Which brought Rutledge back again to those literary papers.

He walked to the Hall after dinner and stood looking up at the house in the golden shadows of the westering sun. He could hear sea birds calling, and somewhere a jackdaw singing lyrically. In his mind’s eye, ghosts of the people who’d made the Hall a home stirred and moved about the lawns, laughing and talking and bringing life to the scene. To the emptiness.

Someone said, behind him, “They’ve not left—”

He turned to find the old woman, and remembered her name this time. Rachel had called her Sadie.

“No,” he said. Then, playing her game, he asked, “Which ones do you see? Is Anne there?”

“Anne was willful, she must have her way or she’d set the nursery on its ear. They said it was a child’s tantrums, but the tree grows as the twig is bent, and if her father had lived, that would have been different. Instead, the women spoiled her and let her do as she pleased, and she wanted to hold tight to everyone’s affection, even the old master’s— Mr. Trevelyan. Miss Rosamund’s father, that was. Sometimes she’d put off her stormy ways, and sit quiet with a book in her lap, and he’d come into the room and mistake her for her sister. There was no telling them apart, unless Miss Anne was being her naughty self. Or she’d tell tales on the others, and once got Master Cormac a hiding for beating a horse, and him never one to abuse the animals. Master Nicholas, now, he stood up to her once, and refused to let her have the little soldiers he’d been given for his birthday. But she found them later and buried them out in the garden, and he never did discover where they were. She died soon after.”

Her words made Rutledge’s blood run cold. Here was a reason for Olivia to have killed her sister. A child’s excuse for murder. He found he didn’t want to know about Anne.
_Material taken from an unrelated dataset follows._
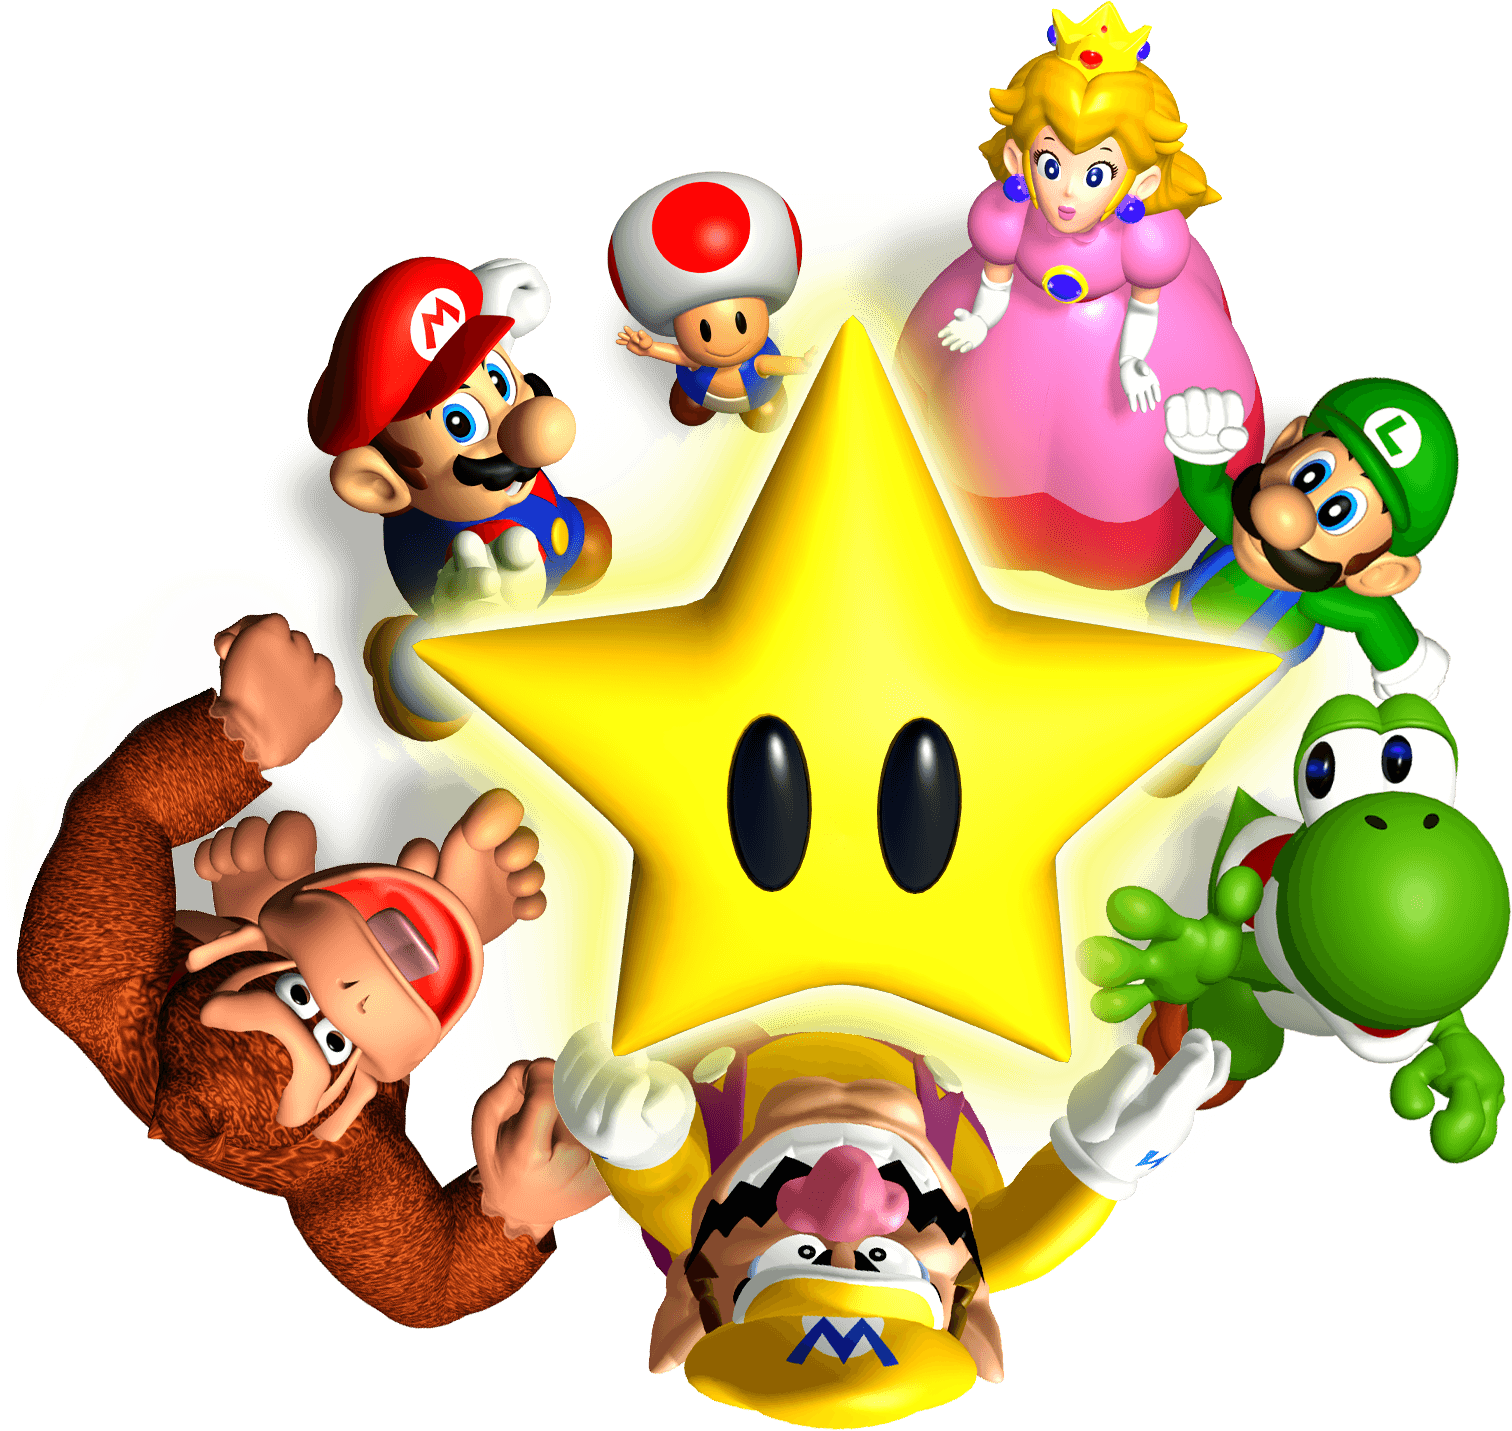 Mario Party (Nintendo 64) Artwork including Characters, Game Board Art

“Why did Richard die out on the moors?”

“There’s none sure he did. ‘Twas no body ever found. Miss Olivia said they fell asleep in the sunshine, and he was gone when she opened her eyes. She thought mayhap he’d wandered off to find the moor ponies. He were a restless child, with the energy of two and a devil in his eyes. Miss Rosamund called him her little soldier, and said he was born to wear a uniform. Like her first husband.”

“And Nicholas?”

“Ah, he was one who always knew more than he said. Kept himself to himself, and you never guessed at what rivers ran inside him, or how deep. Bookish, some thought, but if you want to know my mind on that, he was waiting with a dreadful patience to grow up. As if there was something waiting for him. If there was, we never knew of it. He was content to stay by Miss Olivia and keep her spirits high when the pain was hard. But if you looked into his eyes when he stared out at the sea, you knew there was a roamer inside him. Not like Master Richard, but a man who saw distant places in his soul.”

“How did you come to know the Trevelyan family so intimately?”

There was roguish laughter in her eyes as she stared back at him, giving a bawdy twist to his words. “Even the mighty use bedpans, like ordinary mortals,” she told him. “I nursed the living when needful, and laid out the dead. Dr. Penrith sent for me when Miss Olivia had the crippling disease and was like to die. He didn’t trust the London nurses they wanted.”

She seemed today to be clear-minded and aware of what she was saying. Testing it, he repeated, “You laid out the dead?”

A wariness moved behind her eyes, though her expression didn’t change. He took a chance and asked her, “Was there a killer in that house?”

But her eyes clouded as he watched her lined face, and she said, “I told you there were a Gabriel Hound in that house, and you’d hear him running some nights, before something bad happened. Running through the rooms, in the dark, looking for his soul. On those nights, the wind howled in the trees and rattled the windows, and I kept the coverlet over my head. Miss Olivia warned me once, when I spoke to her of it, and I knew to heed her. I’d die too if I told what I heard or saw. Which is why I’ve outlived them all but two, and Miss Susannah’s safe enough in London.”

“What about Cormac FitzHugh?”

“He’s not a Trevelyan, is he?” she asked. “There’s no Gabriel hound wants anything he has.”